I can buy that, but it does not answer my other question above about
cases where a valid command has size_{in,out} larger than the kmalloc
max. vmemdup_user() lets you support arbitrary command payload sizes
larger than KMALLOC_MAX_SIZE. For example, I might want to overwrite
the entire label area at once in a single write.

>
> > > +
> > > +       return 0;
> > >  }
> > >
> > >  static long cxl_mem_ioctl(struct file *file, unsigned int cmd, unsigned long arg)

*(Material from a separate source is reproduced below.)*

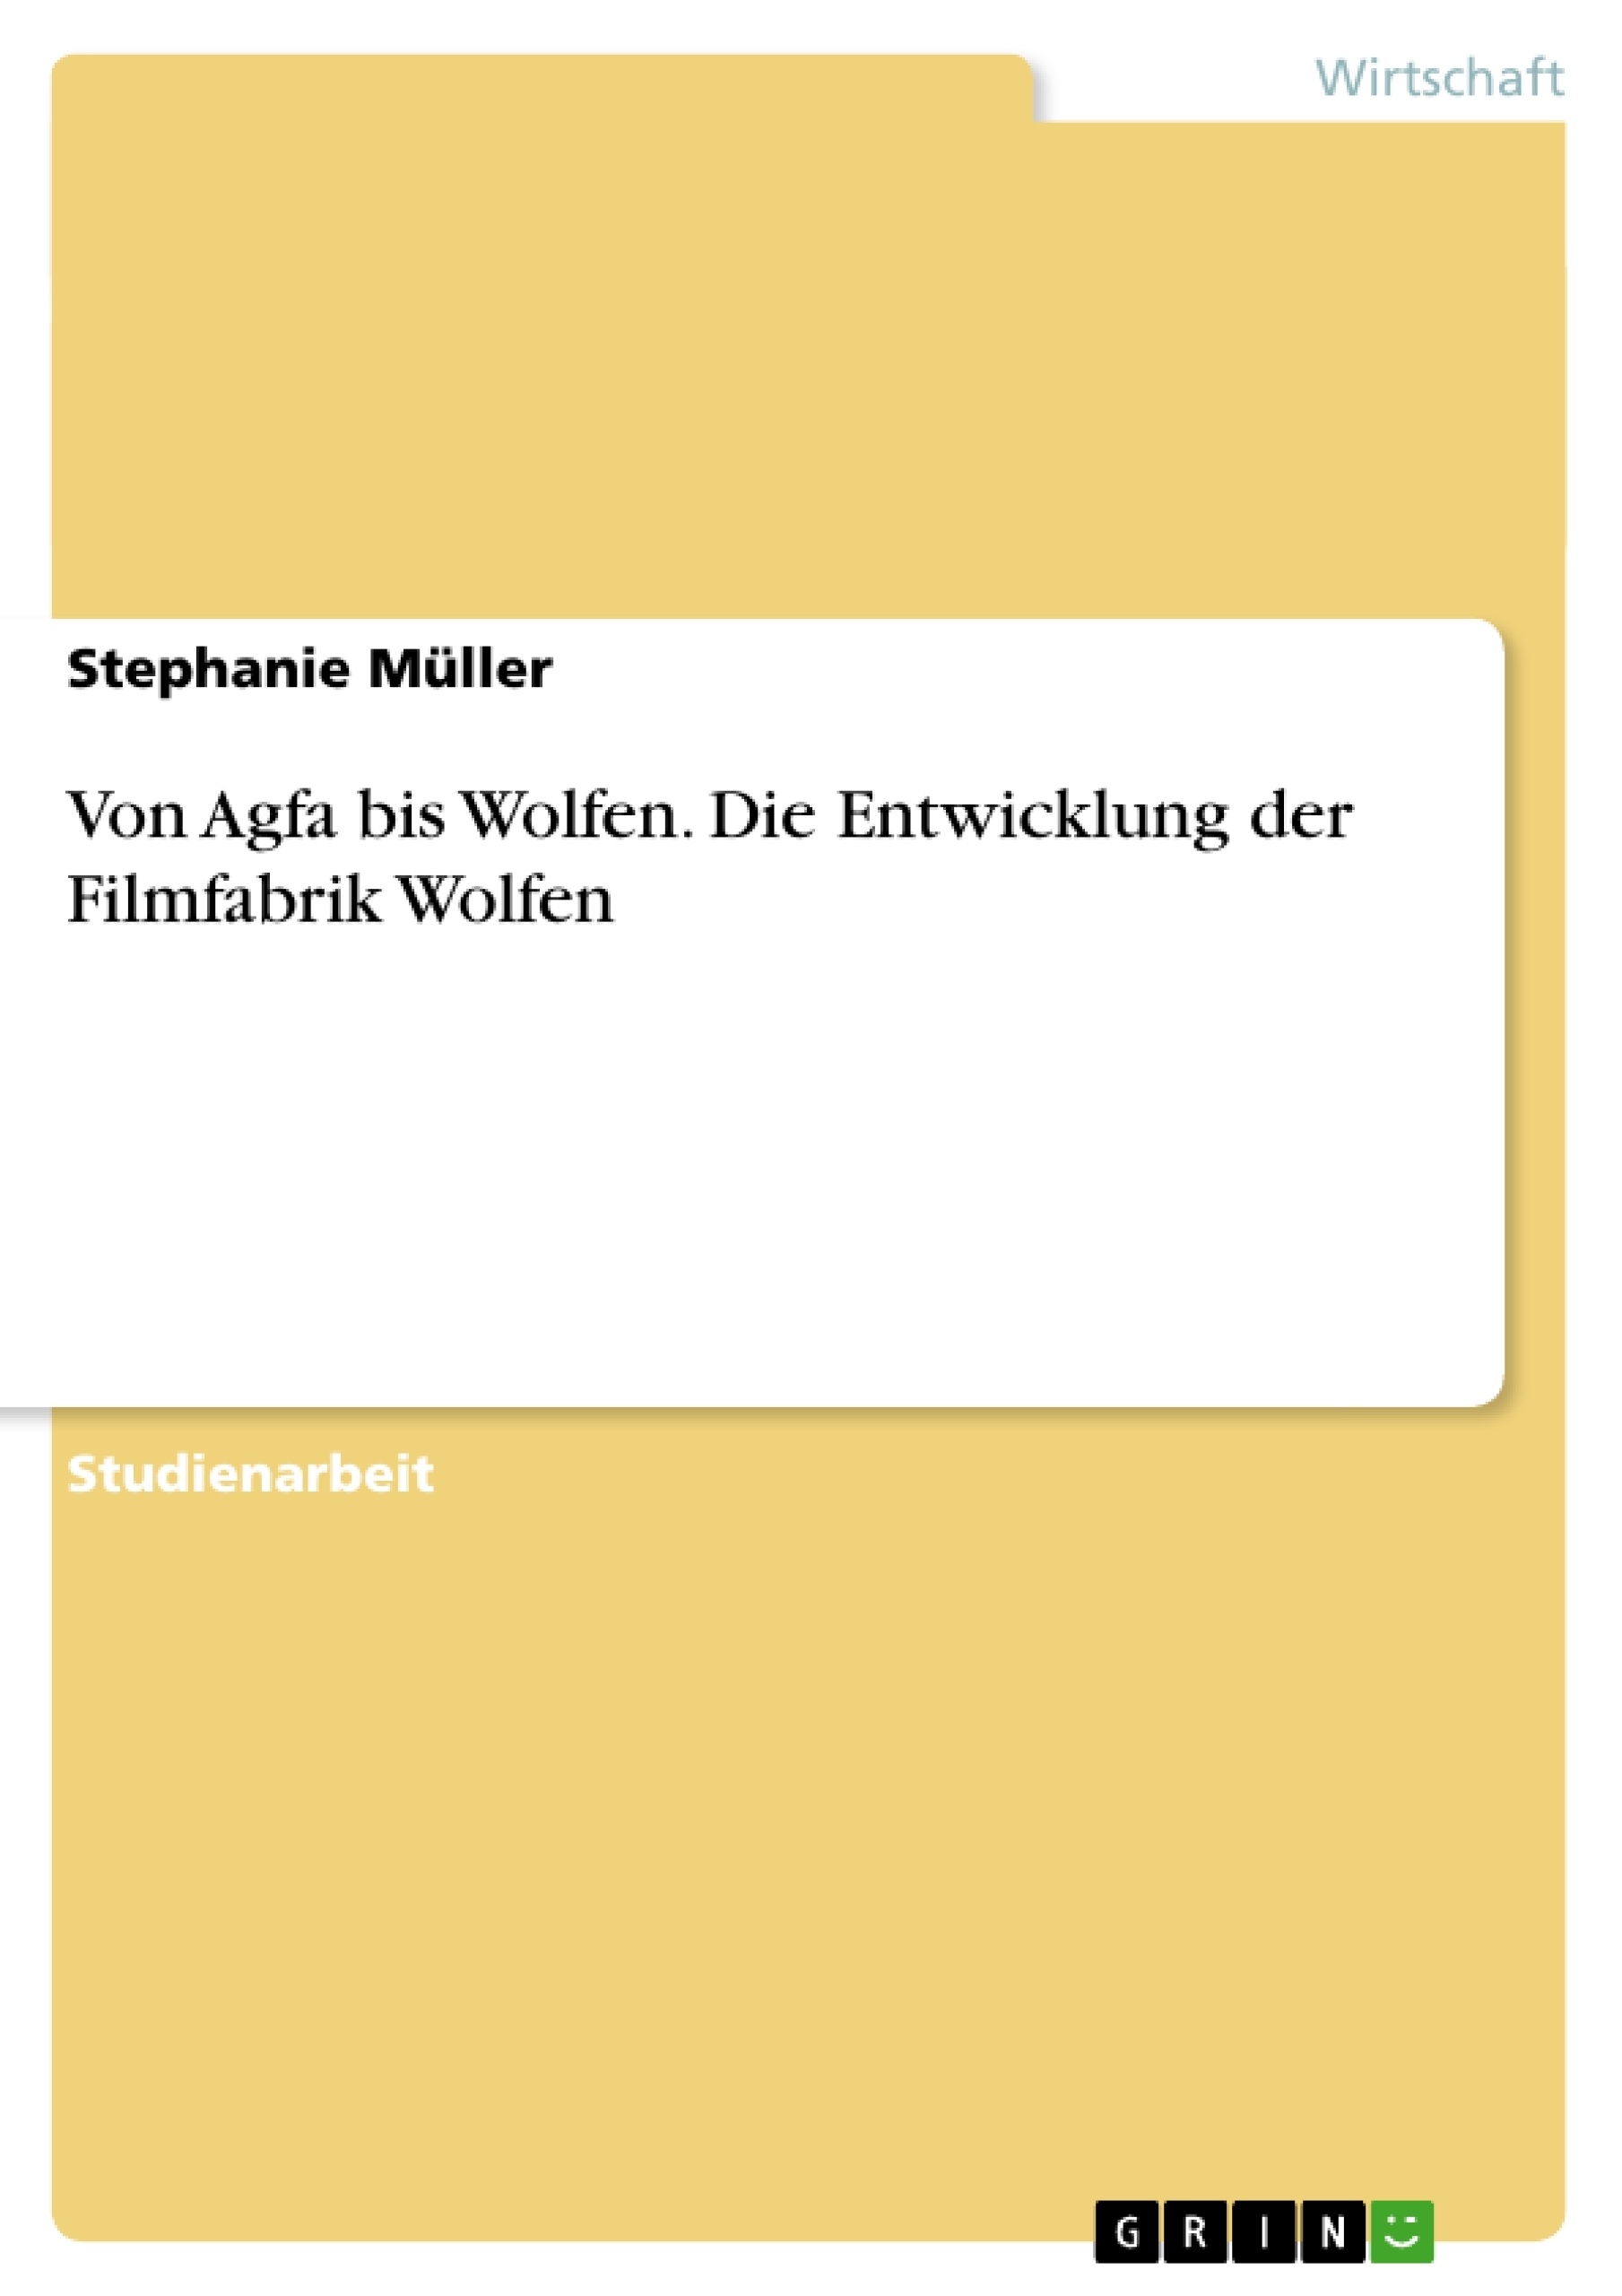 Título: Von Agfa bis Wolfen. Die Entwicklung der Filmfabrik Wolfen

> > > @@ -357,6 +471,19 @@ static long cxl_mem_ioctl(struct file *file, unsigned int cmd, unsigned long arg
> > >
> > >                         j++;
> > >                 }
> > > +
> > > +               return 0;
> > > +       } else if (cmd == CXL_MEM_SEND_COMMAND) {
> > > +               struct cxl_send_command __user *u = (void __user *)arg;
> > > +               struct cxl_memdev *cxlmd = file->private_data;
> > > +               struct cxl_mem_command c;
> > > +               int rc;
> > > +
> > > +               rc = cxl_validate_cmd_from_user(u, &c);
> > > +               if (rc)
> > > +                       return rc;
> > > +
> > > +               return handle_mailbox_cmd_from_user(cxlmd, &c, u);
> > >         }
> > >
> > >         return -ENOTTY;
> > > diff --git a/include/uapi/linux/cxl_mem.h b/include/uapi/linux/cxl_mem.h
> > > index 1d1e143f98ec..189d86a13637 100644
> > > --- a/include/uapi/linux/cxl_mem.h
> > > +++ b/include/uapi/linux/cxl_mem.h
> > > @@ -19,6 +19,7 @@ extern "C" {
> > >   */
> > >
> > >  #define CXL_MEM_QUERY_COMMANDS _IOR('C', 1, struct cxl_mem_query_commands)
> > > +#define CXL_MEM_SEND_COMMAND _IOWR('C', 2, struct cxl_send_command)
> > >
> > >  #define CXL_MEM_COMMAND_NAME_LENGTH 32
> > >
> > > @@ -48,10 +49,12 @@ extern "C" {
> > >  struct cxl_command_info {
> > >         __u32 id;
> > >  #define CXL_MEM_COMMAND_ID_INVALID 0
> > > +#define CXL_MEM_COMMAND_ID_MAX (CXL_MEM_COMMAND_ID_INVALID + 1)
> > >
> > >         __u32 flags;
> > >  #define CXL_MEM_COMMAND_FLAG_NONE 0
> > >  #define CXL_MEM_COMMAND_FLAG_TAINT BIT(0)
> >
> > I guess I missed this in the last patch, why would userspace specify a
> > taint flag? @flags is an output parameter?
> >
>
> The flag is from the kernel to userspace to let them know that using the command
> would taint the kernel.

...but they should know that by the fact that they are using the RAW
send. I.e. document it once rather than include it in the ABI. I think
a more useful flag would be to identify which commands may be blocked
because they are exclusively owned by the kernel.